Academy Award-nominated writer Tony McNamara (The Favourite) on developing The Great from a play to a feature to the TV series, working with US studios, writing process and more.

Tony McNamara on the set of The GreatTony McNamara on the set of The Great

Not many who watch The Great would immediately realise its Australian origins.

It’s a fair oversight, considering it’s an irreverent take on 18th century Russia, was filmed in Europe, and stars Elle Fanning as a young Catherine the Great. But the 10-part Hulu TV series, streaming locally on Stan and just renewed for a second second, is the brainchild of Tony McNamara, the Australian writer who worked on Doctor Doctor, Puberty Blues and Love My Way before earning an Academy Award nomination for co-writing the screenplay for The Favourite.

In fact, the TV series The Great, which McNamara is creator, showrunner, and executive producer on, actually started out as a Sydney Theatre Company play in 2008. McNamara, who wrote the play, developed the story over a number of years with producer Marian Macgowan. The original intention was to make it a feature film (more on that later), with the project receiving three rounds of development funding from Screen Australia.

(Fun fact: Production Designer Fiona Crombie, who was also nominated for an Academy Award for The Favourite, designed the sets of The Great at Sydney Theatre Company. Both Crombie and McNamara also worked on Disney’s upcoming movie Cruella.)

The Australian connection doesn’t stop there. Once The Great was re-written as a pilot TV script and pitched to US networks in 2018, Hulu commissioned a pilot episode and then a series. The writers’ room for The Great took place in NSW, and the team of writers who brought it to life also included Australians Gretel Vella and Amelia Roper. 

When we check in with McNamara, it’s 8am where he’s calling from in Perth and as a self-confessed morning writer, he’s already done a couple of hours of writing.

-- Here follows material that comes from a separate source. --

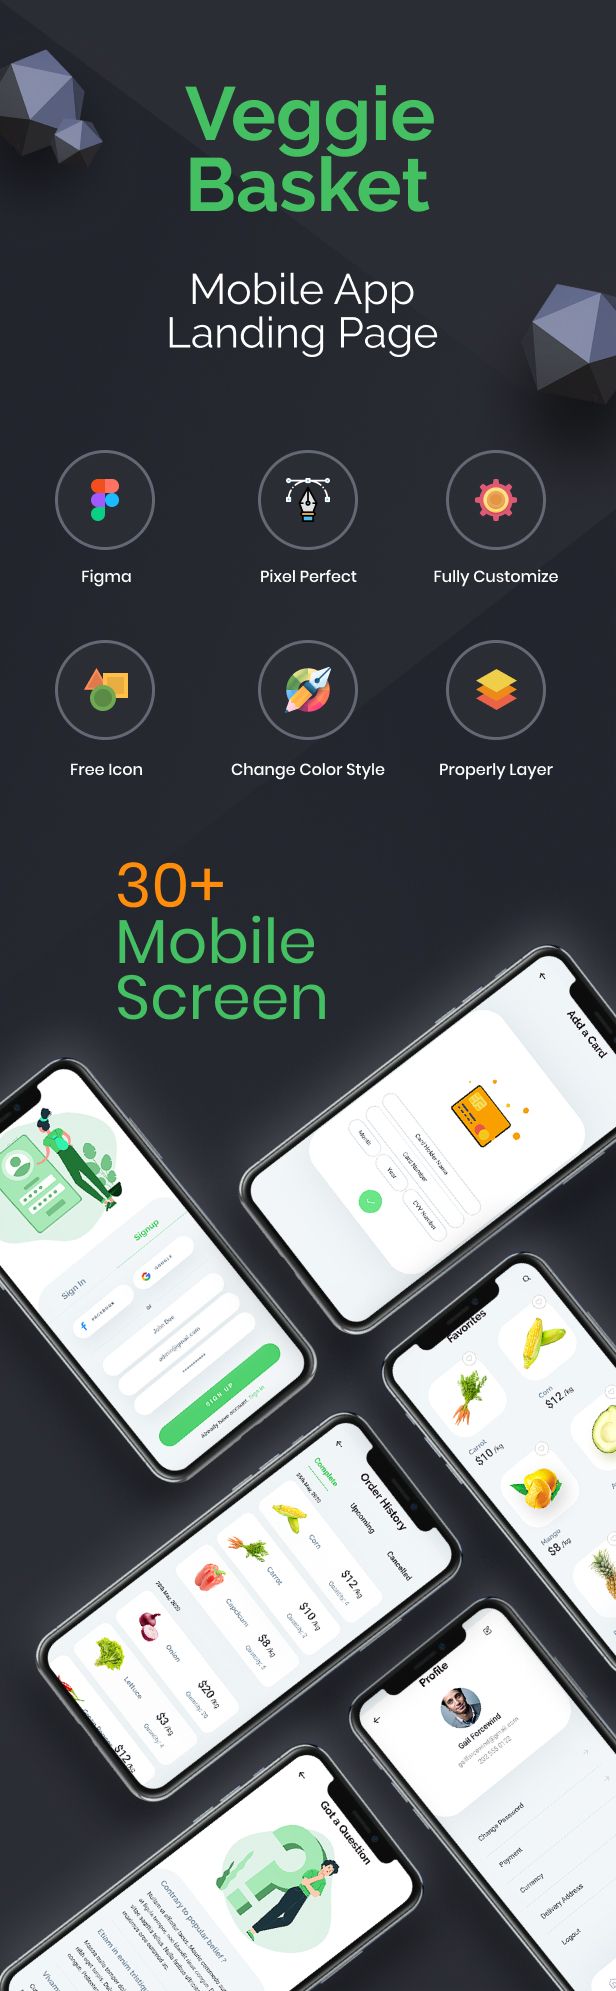 VeggieBasket | Mobile App and Landing Page An Online Vegetable and Grocery Figma Template - 1
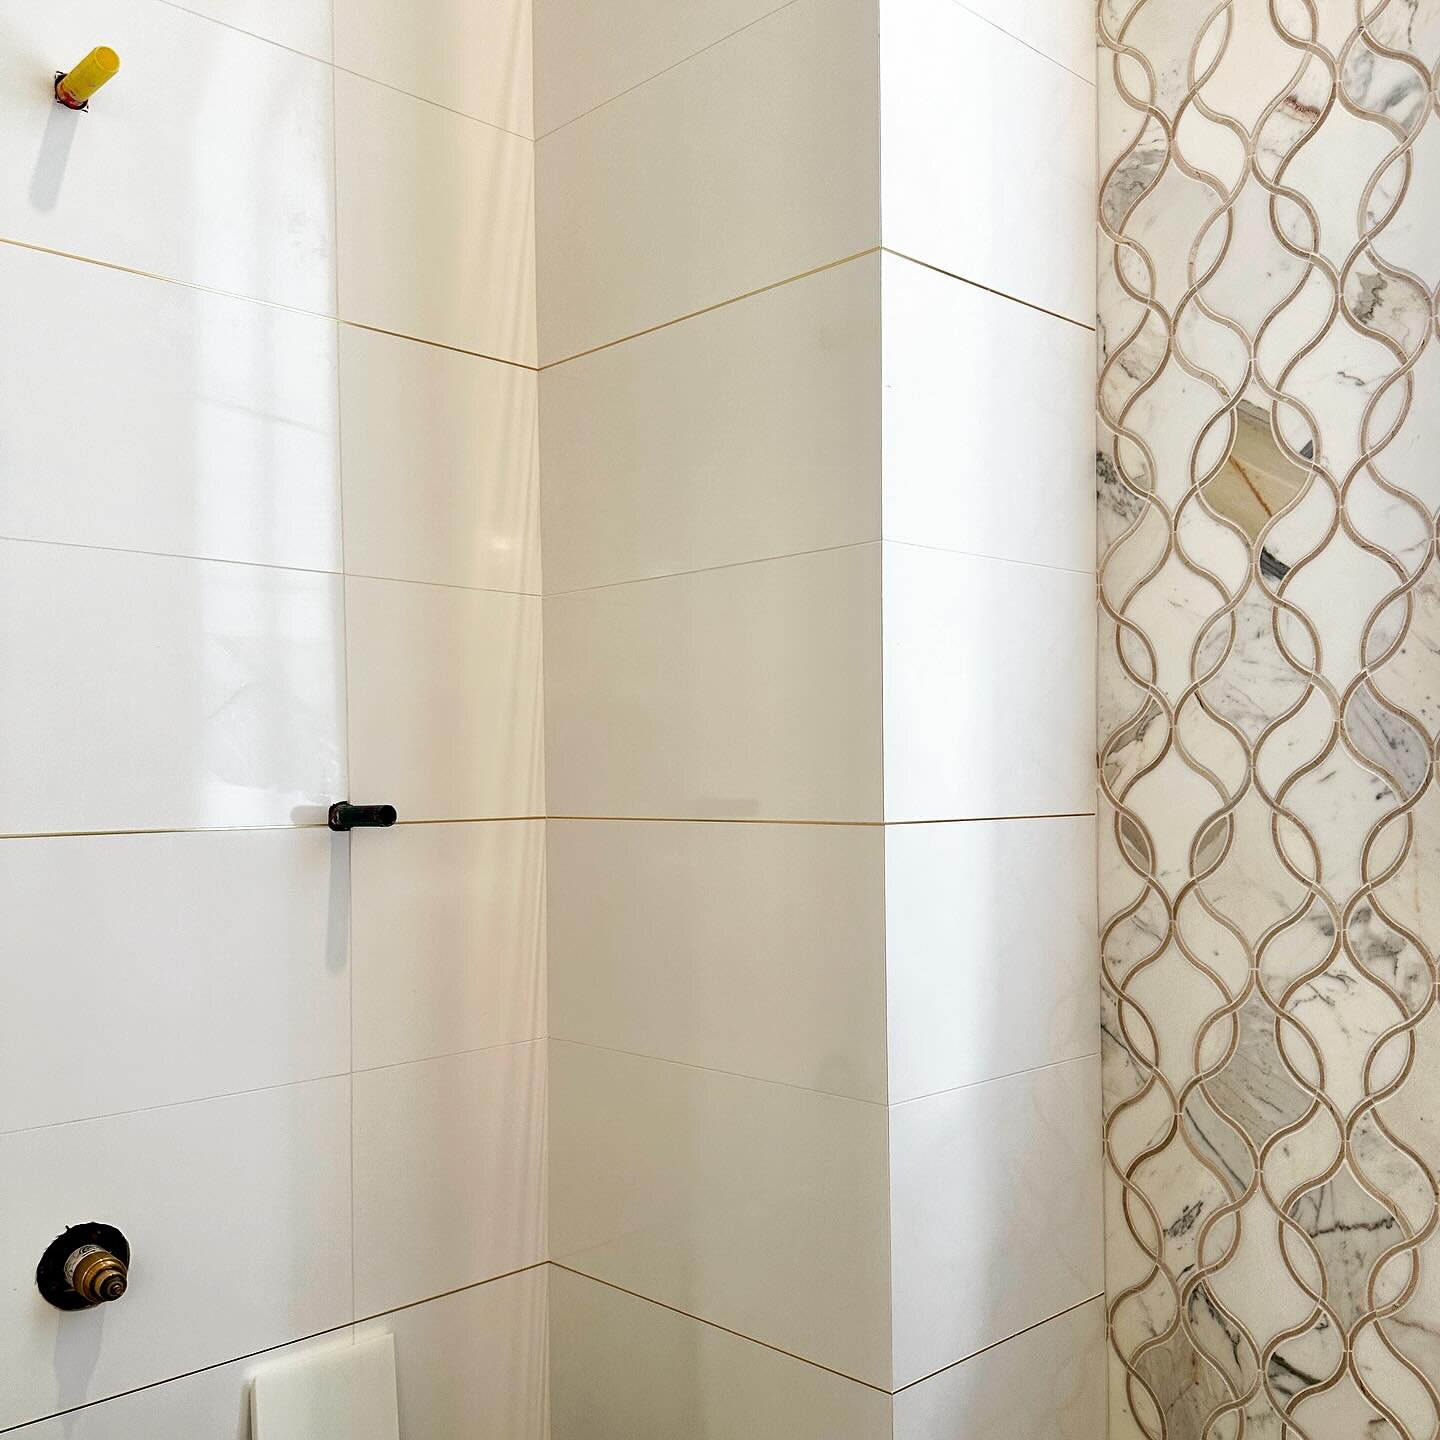 It&rsquo;s the small details that make all the difference. Brushed brass metal between every other horizontal run of tile gives the shower just that extra luxe feel. #itsallinthedetails #interiordesign #southfloridadesign #bathroomdesign

However he can’t say what exactly he’s been working on, except that it’s a feature and a “contemporary comedy”.

But McNamara is much more forthcoming when it comes to the development of The Great, the pitching process in the US, the impact of The Favourite and his advice for Australian screenwriters. Read on for more.

Did the play The Great, the feature film script and the TV series all share that same comedic tone?

Yeah, they were very similar. In fact there are scenes in the pilot and occasionally in the series where it's literally pulled from the play. Almost no change.

You adapted it to a feature first – what were the main challenges?

The main challenges were that the play was bifurcated, so the first 45 minutes of the play was young Catherine and the second half was the older Catherine. So I had two different main characters. I told one story and a new story about halfway through. That was a difficult thing for a feature because you haven't got a lot of time to tell a complicated story. The tone was also hard. Not in the writing, but just at the time it was hard, especially with film, for the financiers to sort of… the tone was an issue because it was different.

The Great production shotThe Great

What prompted the decision to shift from making The Great as a feature and develop it as a TV series?

We had [the feature] almost up once or twice. It was one of those things where we were close a couple of times, and I think we could never quite get enough money. Because it was period, it was relatively expensive and I think we could get an amount of money that we knew we couldn't quite make it for. We were always trying to get that extra bit so we could make it properly and we never quite got there. And then I drifted into doing more TV and that became a big interest of mine. I liked writing screenplays and I was working with Yorgos [Lanthimos], but I think at the time I thought ‘this is a much better TV show’ because I'd written three or four pilots in the US, I'd got a feel for what I thought TV was, and [Catherine’s] story is so big that it was a bit like, ‘why are you trying to do this in 90 minutes? It doesn't make any sense at all.’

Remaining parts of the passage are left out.